Deixe-me pensar um pouco... Uma das minhas experiências favoritas aconteceu durante uma expedição sobre o tubarão-martelo nas Bahamas há cerca de um ano. A expedição foi liderada por um realizador de cinema subaquático chamado Joe Romeiro e por um amigo meu, Curt Slonim, e estava focada no ecoturismo no qual se pode nadar com os tubarões e fotografá-los. Estes animais têm a reputação de serem predadores ferozes, mas, na verdade, quando se entra na água, podemos ver que os tubarões-martelo são bastante tímidos. Foram necessários vários dias para ganhar a sua confiança e nos aproximarmos.
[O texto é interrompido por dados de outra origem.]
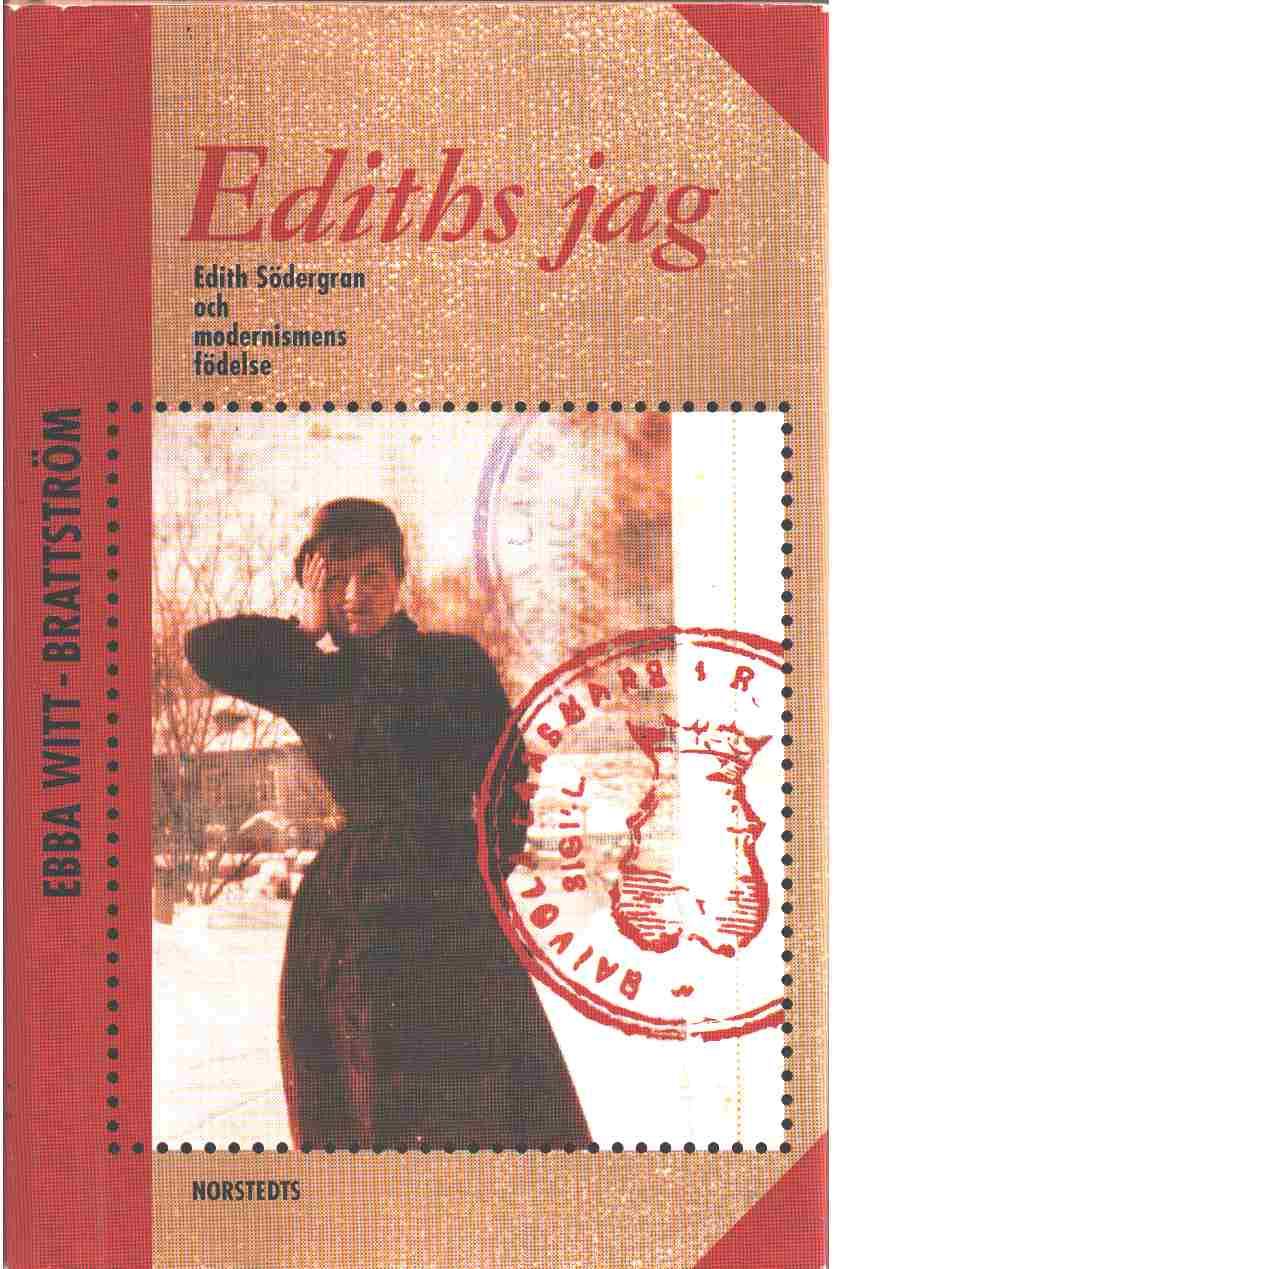 Ediths jag : Edith Södergran och modernismens födelse - Witt-Brattström, Ebba

Ao terceiro ou quarto dia da nossa viagem fizemos um mergulho noturno e tínhamos vários tubarões à nossa volta. Quando anoiteceu ligámos as luzes e todos eles se assustaram e fugiram. Apenas um pareceu não ficar incomodado pela luz e ficou. Mergulhávamos sempre aos pares: um mergulhador e um membro da tripulação. Quando chegou a minha vez de descer, pude ver o tubarão a nadar à distância e junto à areia. Era uma noite de lua cheia e via-se um branco brilhante na parte debaixo do "martelo". Enquanto se aproximava, vindo do escuro, tudo o que eu sentia era puro entusiasmo. [ver foto principal do artigo]

Quando se aproximou eu tinha a minha câmara pronta para esperar até que ele chegasse perto o suficiente. No momento certo levantei a câmara com as luzes, carreguei no botão e consegui uma poderosa imagem de um tubarão-martelo, iluminado, a ocupar todo o enquadramento da foto, com a areia sobre ele como se fossem estrelas numa noite de céu estrelado. Foi uma das experiências mais espetaculares que alguma vez vivi.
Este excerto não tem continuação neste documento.